Audition and recruitment tour in Seoul, Hong Kong, Taipei, Singapore, Bangkok, Guangzhou, Shanghai, and Beijing
Sunday, October 16, 2011
We arrived in Singapore on 10/14 around 7pm and checked-in to the Conrad hotel. The Conrad hotel, as almost everything I have seen in Singapore so far, looked brand new and the service was amazing. There were three people to greet us when we stepped out of the taxi, they escorted us to check-in, and then personally showed each of us to our rooms. Singapore is 30 miles from the equator, so the weather is warm and humid. I enjoy this kind of weather, but the sweating can be uncomfortable in dress clothes.
The auditions started the next morning and were some of the strongest of the trip so far. We went from 10am-7pm straight with no breaks, and heard about 30 applicants. The auditions were held at a recital hall within the Yamaha Music Store, which was about a 5 minute walk from our hotel. After the auditions, I was able to meet with about 10 applicants who wanted to learn more about Ithaca. Overall, it was a very successful day.
After the auditions were finished, Amy, Shaun, and I ventured to the Mandarin Bay Sands area, which was like Disney World. The MBS is the world's most expensive standalone casino and includes a HUGE, brand new hotel, and dozens of restaurants and high-profile stores (who shops for Lamborghinis?!). We decided to eat at an outdoor bar that was overpriced, but everything seems to be overpriced in Singapore. We did the tourist thing and ordered some Singapore Slings (gin and pineapple juice), which were very tasty but not very strong. There was a laser light show over the harbor when we were eating which was fun.

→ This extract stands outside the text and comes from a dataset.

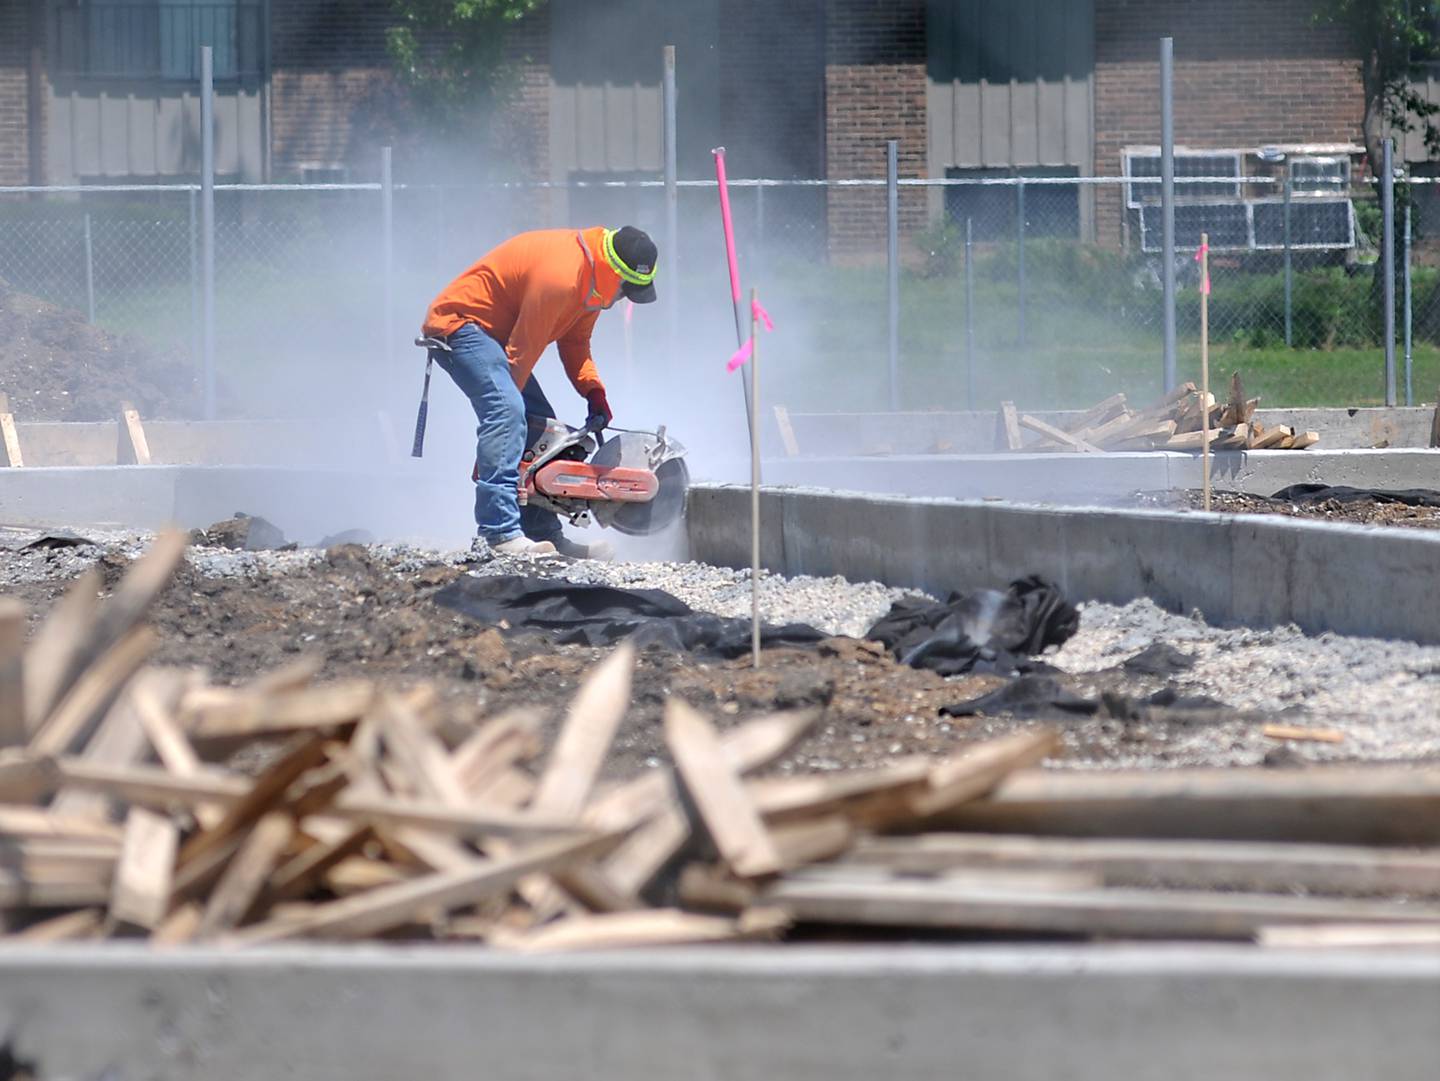 A worker from Herrera Construction works on cutting concrete Tuesday, June 14, 2022, while working on upgrading McCracken Athletic Field in McHenry.
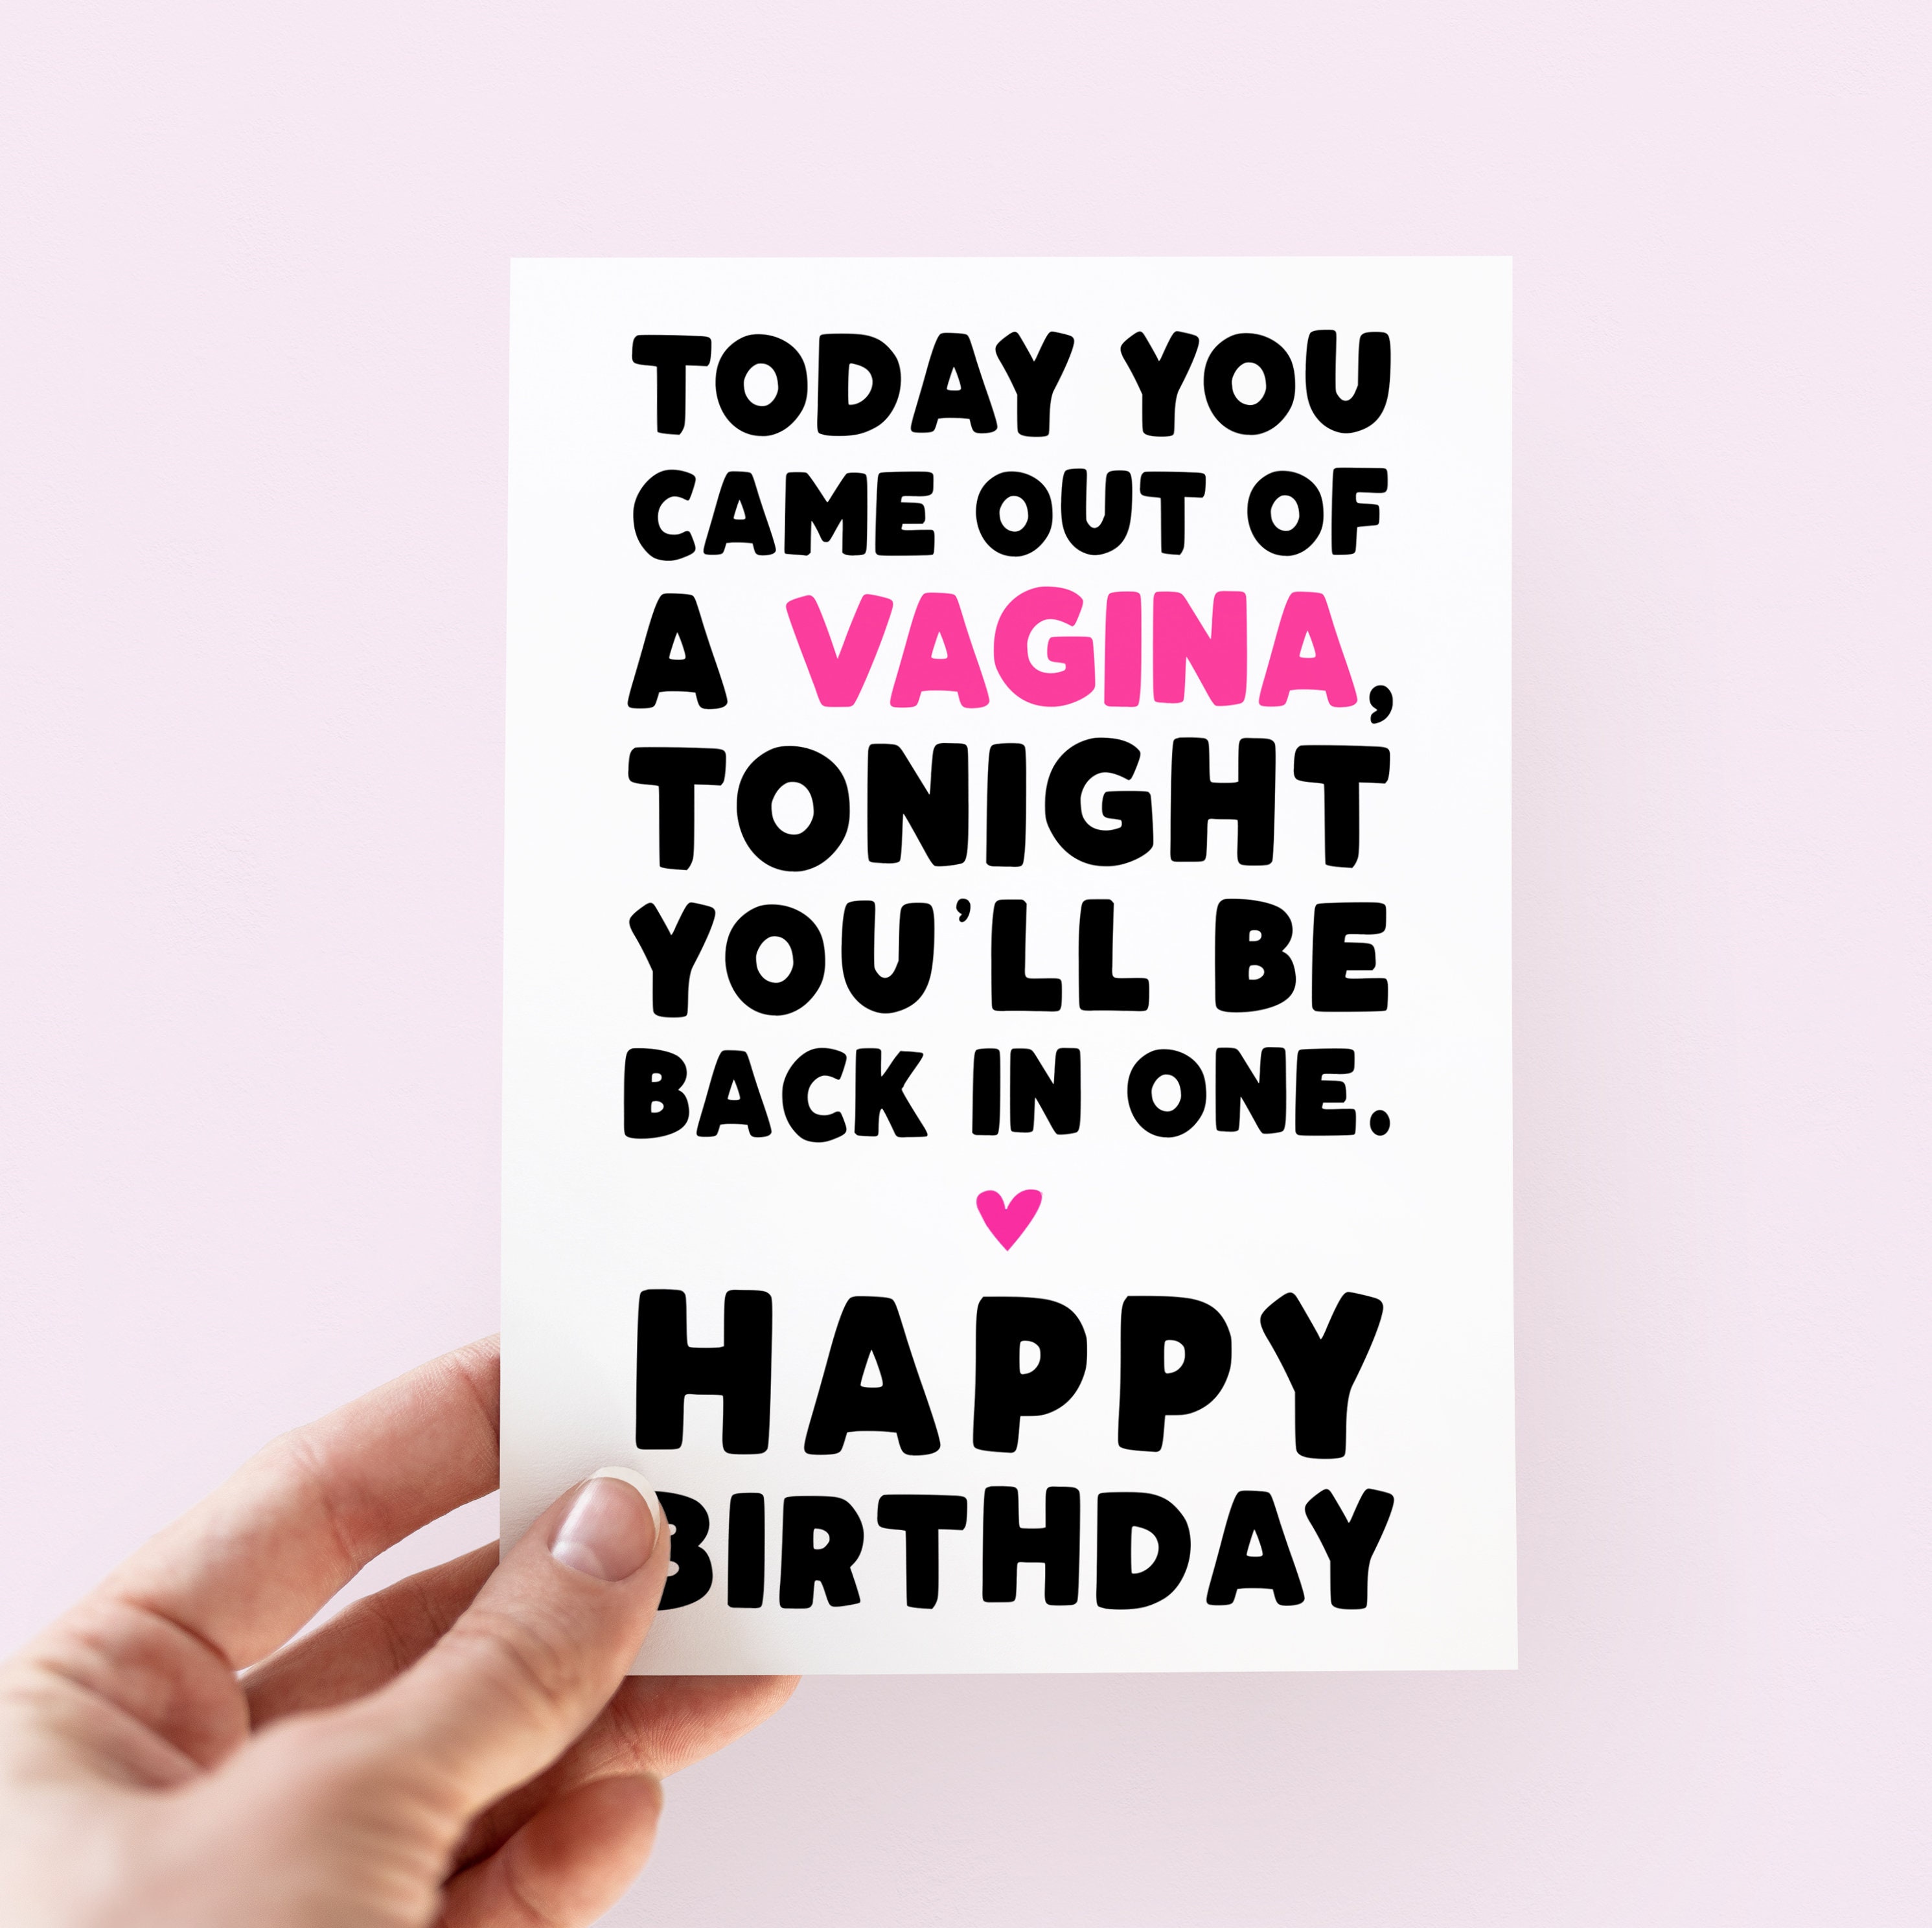 Today You Came Out of A Vagina Birthday Card Funny pic pic

From there, we tried to get on the Singapore Flyer (gigantic ferris wheel), but we arrived 15 minutes after it closed. We were all quite tired, though, so we decided to call it a night since we have an early flight to Bangkok.
We arrive in Bangkok around noon, and we have been keeping an eye on the flooding. Apparently, they have experienced the worst floods in 50 years and many of the rural villages are severely under water (sounds like September in Upstate New York). Over 300 people have died so far. I read that the minister is assuring everyone that Bangkok will be safe, but it sounds like city residents are piling up sandbags and stocking up on food items just in case. It doesn't sound like the most stable conditions, so this may be an interesting leg of the trip. We were going to visit a rural fishing village during some down time, but I don't think that will be possible any more.
There are only two weeks left before I return home to see my family. I have been Skyping every night before bed which makes the trip much more bearable. My wife has been sending me photos on a daily basis--technology is so wonderful and necessary on a trip like this. I hope everyone back home is doing well. More from Bangkok soon.